Crimen y Castigo - Fiódor Dostoyewski
-Si, si. Adiós.
Y huyó.
La tarde era tibia, luminosa. Pasada la mañana, el tiempo se
había ido despejando. Raskolnikof deseaba volver a su casa
cuanto antes. Quería dejarlo todo terminado antes de la puesta
del sol y su mayor deseo era no encontrarse con nadie por el
camino.
Al subir la escalera advirtió que Nastasia, ocupada en preparar el
té en la cocina, suspendía su trabajo para seguirle con la mirada.
«¿Habrá alguien en mi habitación?», se preguntó Raskolnikof, y
pensó en el odioso Porfirio.
Pero cuando abrió la puerta de su aposento vio a Dunetchka
sentada en el diván. Estaba pensativa y debía de esperarle desde
hacía largo rato. Rodia se detuvo en el umbral. Ella se estremeció
y se puso en pie. Su inmóvil mirada se fijó en su hermano:
expresaba espanto y un dolor infinito. Esta mirada bastó para que
Raskolnikof comprendiera que Dunia lo sabía todo.

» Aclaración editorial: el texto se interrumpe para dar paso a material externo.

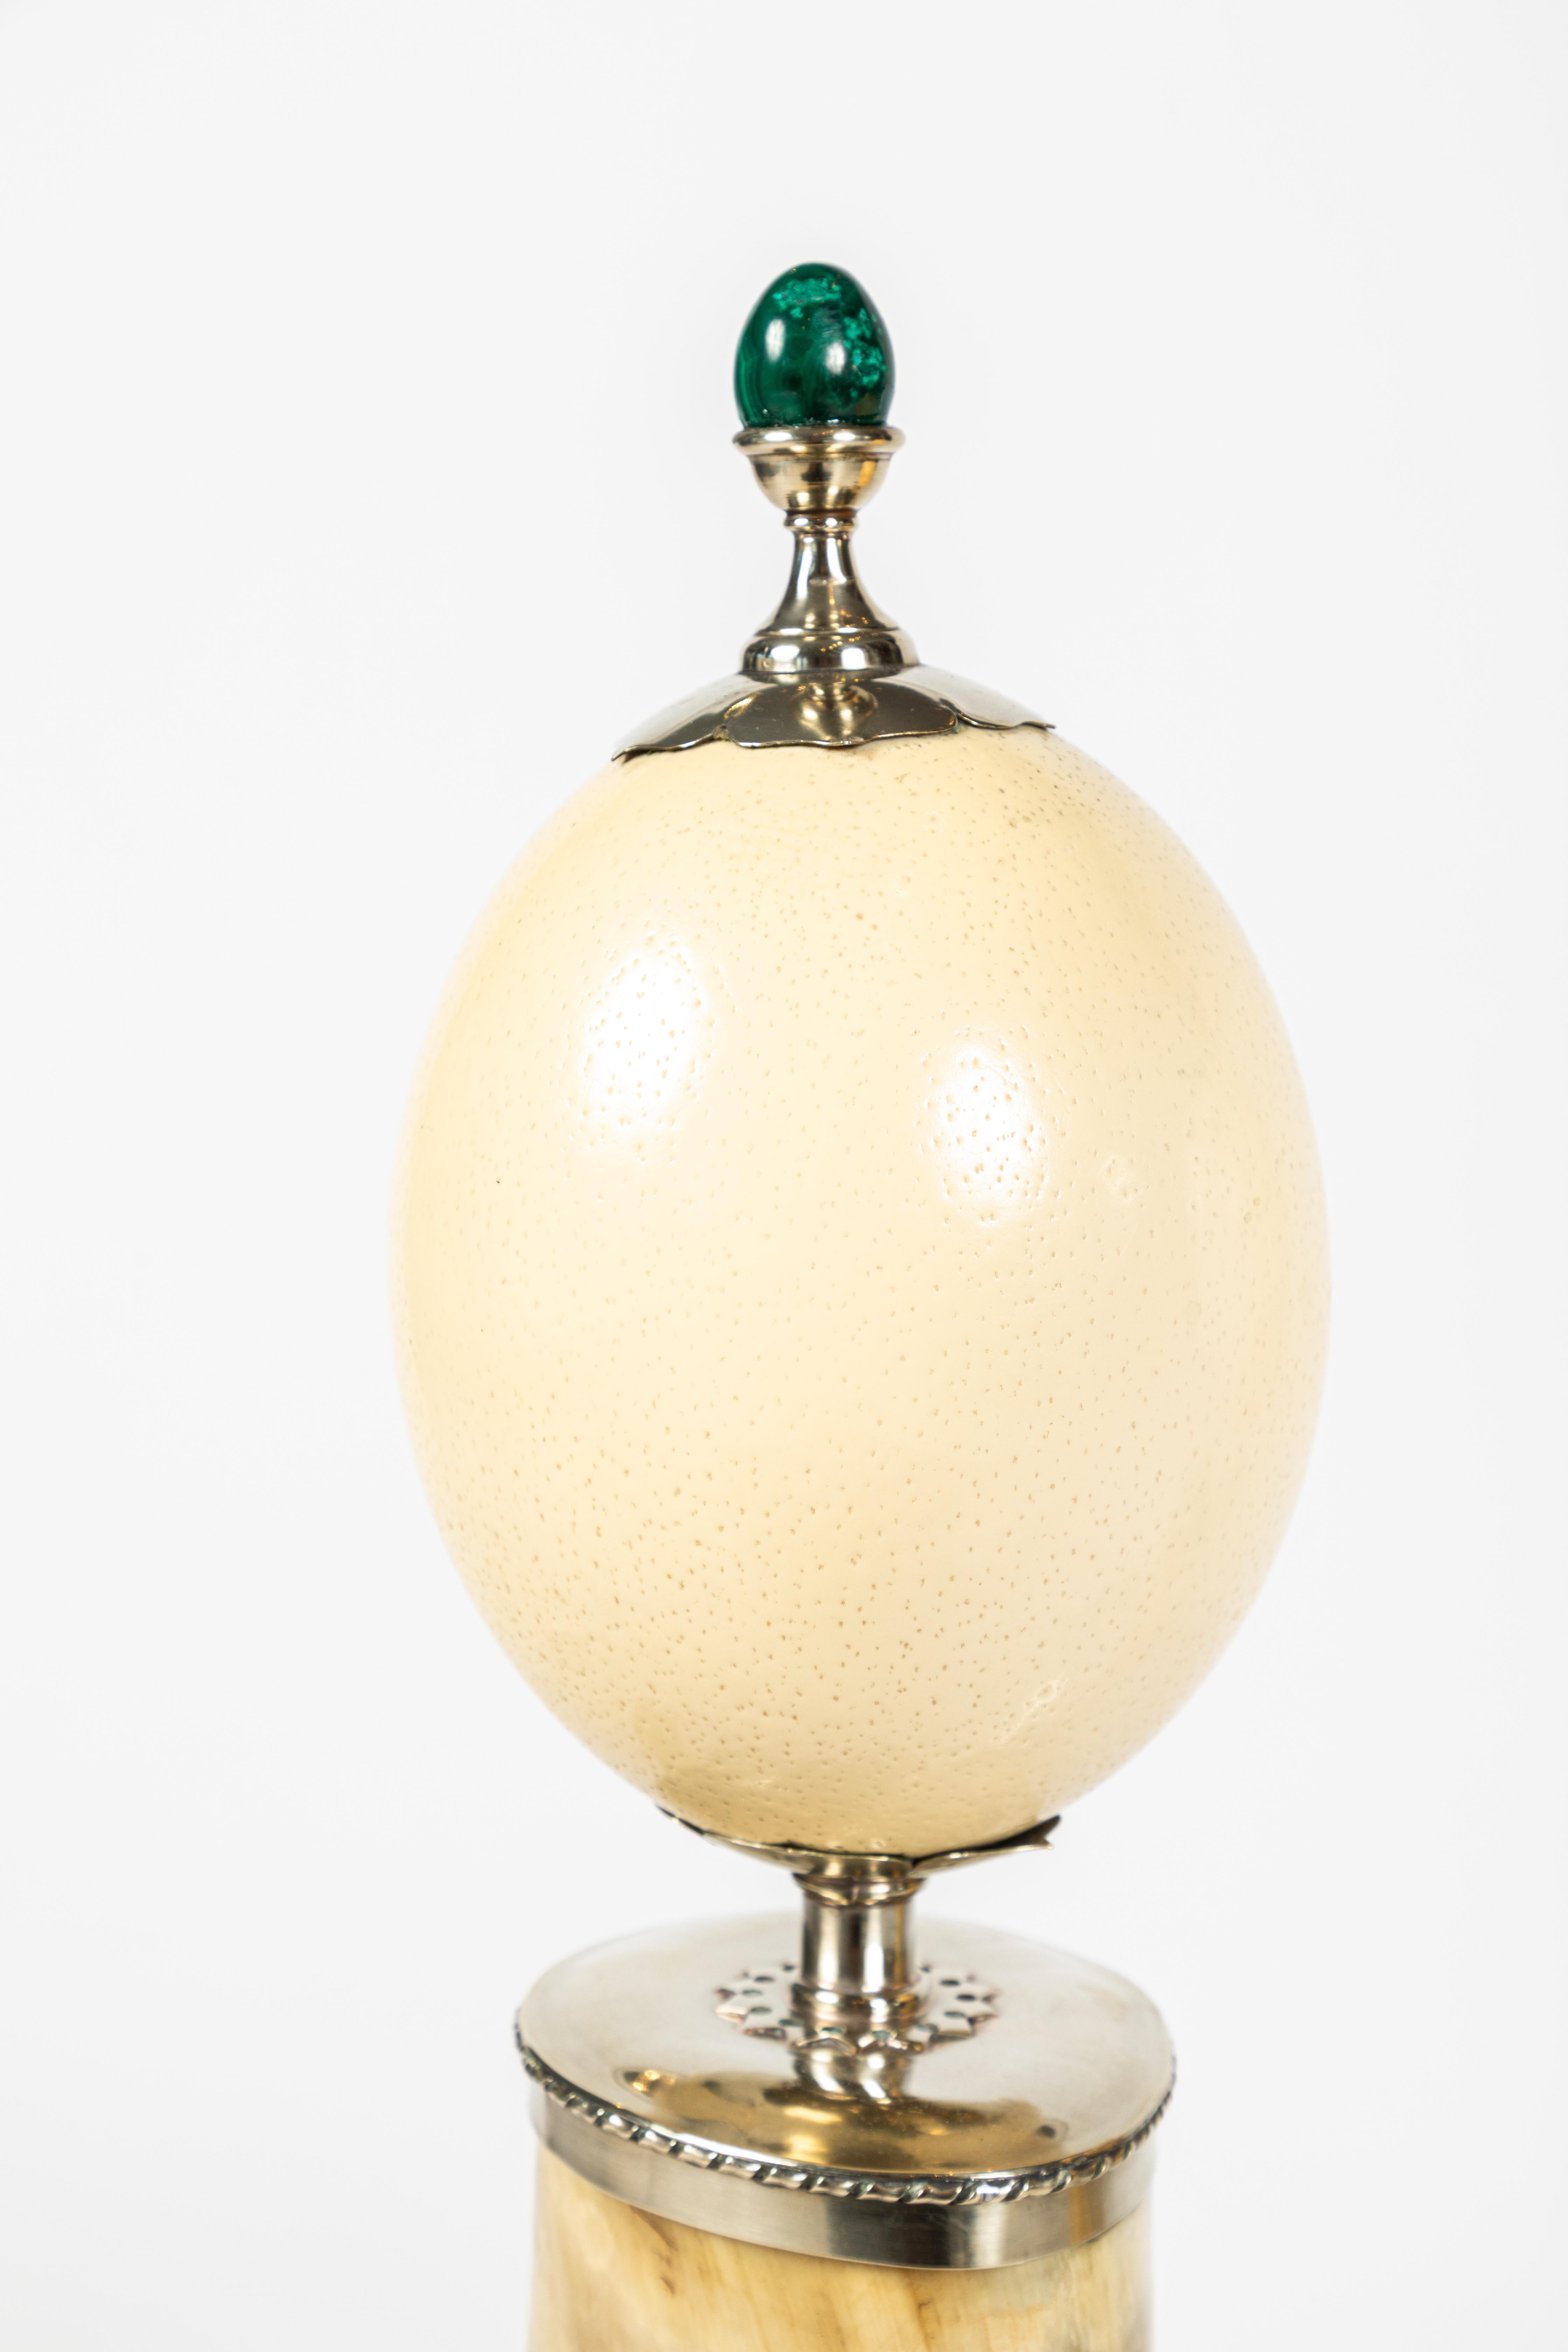 English Pair of Decorative Horn and Ostrich Egg Garnitures by Antony Redmile

-¿Debo entrar o marcharme? -preguntó el joven en un tono de
desafío.
-He pasado el día en casa de Sonia Simonovna. Allí te
esperábamos las dos. Confiábamos en que vendrías.
Raskolnikof entró en la habitación y se dejó caer en una silla,
extenuado.
-Me siento débil, Dunia. Estoy muy fatigado y, sobre todo en este
momento, necesitaría disponer de todas mis fuerzas.
Él le dirigió de nuevo una mirada retadora.
-¿Dónde has pasado la noche? -preguntó Dunia.
-No lo recuerdo. Lo único que me ha quedado en la memoria es
que tenía el propósito de tomar una determinación definitiva y
paseaba a lo largo del Neva. Quería terminar, pero no me he
decidido.
Al decir esto, miraba escrutadoramente a su hermana.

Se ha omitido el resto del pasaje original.